Patty Lynn's son has been clean almost six months.

But having sent him away to rehab multiple times and found him overdosed on heroin twice, the Villa Park woman is familiar with the always-looming threat of relapse.

While she remains hopeful her son's sobriety will stick, it's the unknown that drew her to a Naloxone training class at Saturday's rally in Schaumburg to kick off International Overdose Awareness week.

“I've known about it, but didn't know it was available to me,” Lynn said. “I can't explain what it means to have it. I'm just thankful. I don't want to find my son dead.”

Organizers of the rally said the event was both a day of remembering and a call to action. Offering classes on administering the anti-overdose drug and providing Naloxone kits to family members was just one of the ways organizers are trying to raise awareness of drug overdose deaths that are growing in the suburbs.

“I'm so grateful to be learning some of the stuff that's been available today,” said Sheila Baldwin, a Lake Bluff mom with family members who have struggled with addiction. “These rallies are so important to be able to tell stories and talk with others who have experienced what you have gone through. For the most part, people are usually so secretive about it and that doesn't help.”

Kathie Kane-Willis, a former heroin user who now studies the spread of drug abuse and addiction trends, was one of the event's organizers. She said the event sprung from the state's lack of action and “failures” in its social service policies.

“There's not enough being done,” she said. “There's no state action plan. People are always going to talk about the cost of things. Well it costs about $30,000 every time someone overdoses, but it costs $25 for a Naloxone kit. It costs more to not do something that to do something.”

A coalition of about 30 groups joined together to organize the event under the banner of Stop Overdose Illinois, and more information about their efforts can be found at their website stopoverdoseil.org.

“This is about recognizing that overdoses are reversible and preventable,” Kane-Willis said.

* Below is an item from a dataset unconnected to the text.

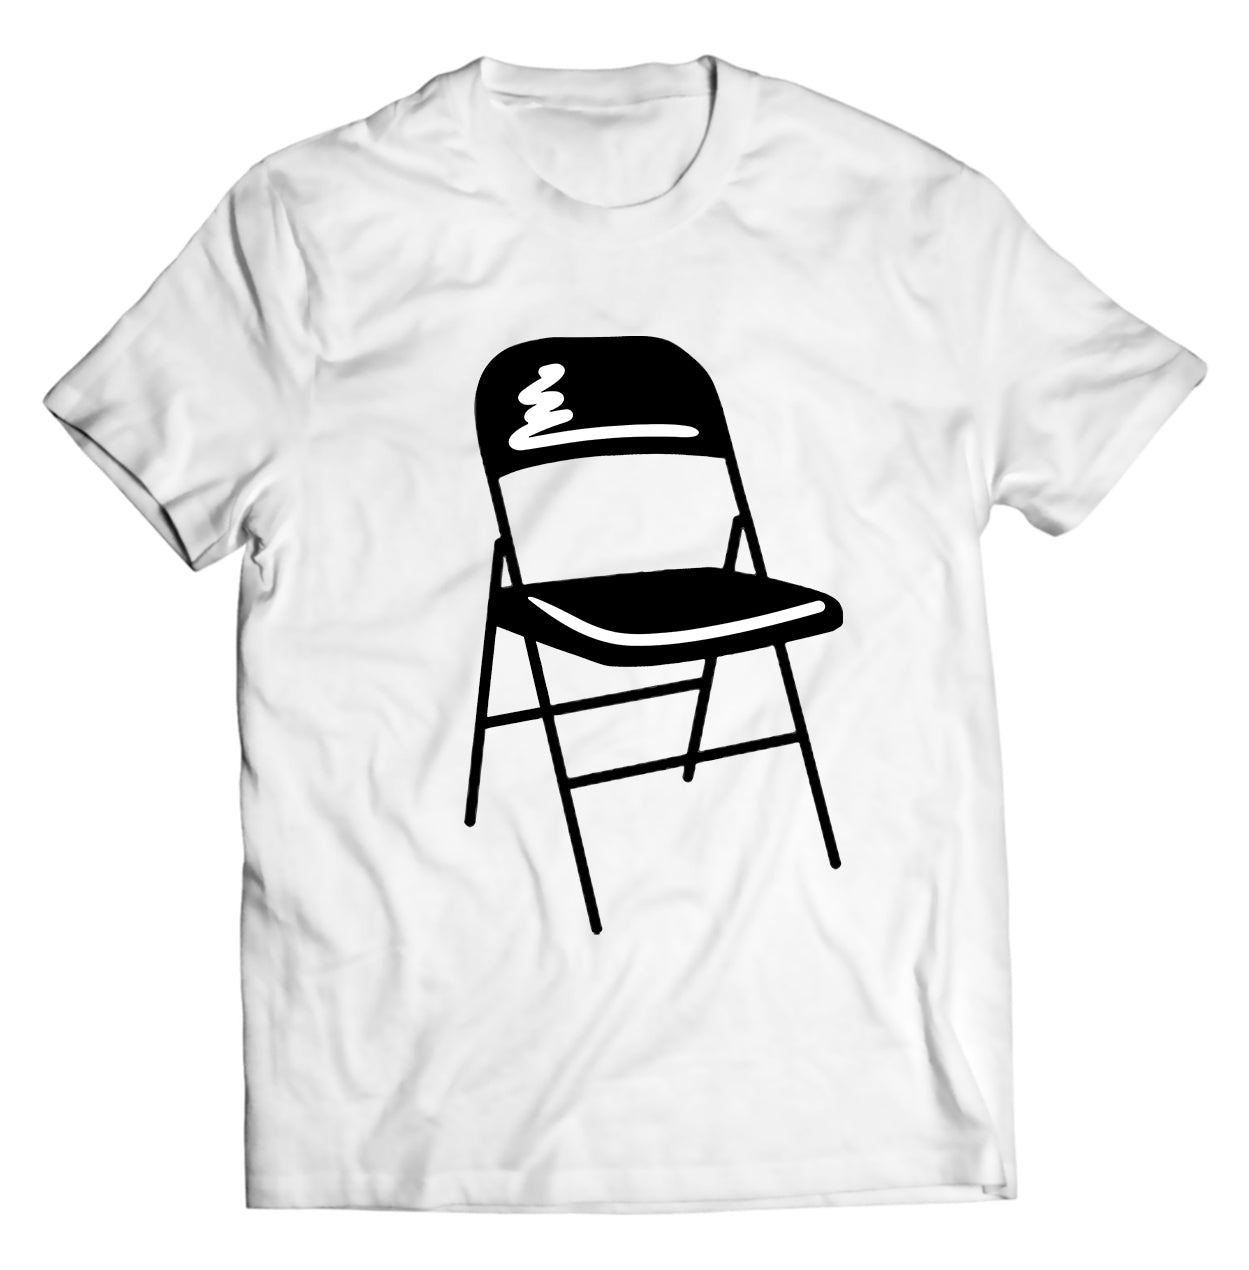 Catch Me Outside, How 'Bout Dat? Montgomery Riverfront Brawl Shirt - Montgomery Chair Shirt - Direct To Garment Quality Print - Unisex Shirt - Gift For Him or Her

More overdose awareness events are planned for the suburbs over the next two weeks. Carpentersville's Carpenter Park and Lake in the Hills' Barbara Key Park are the sites of two such events Aug. 31.

Naperville mom Caroline Kacena lost her 20-year-old son John to a heroin overdose a little over a year ago. She's now teaching others with family members who have opiate addictions how to administer Naloxone. Lynn was one of her students Saturday. Lynn worried that if her son found out about the kit, he would believe she didn't think he was capable of staying clean. But Kacena compared keeping the kit to other preventive medications parents may keep around the house in case of emergency.

“No one expects their child to drink bleach, but we keep ipecac in the medicine cabinet in case they do,” she said. “The fact of the matter is most kids who die from overdoses are in recovery.”

About three dozen people received Naloxone training during the event's first hour. The cost of the kits is covered by donations and fundraisers, organizers said.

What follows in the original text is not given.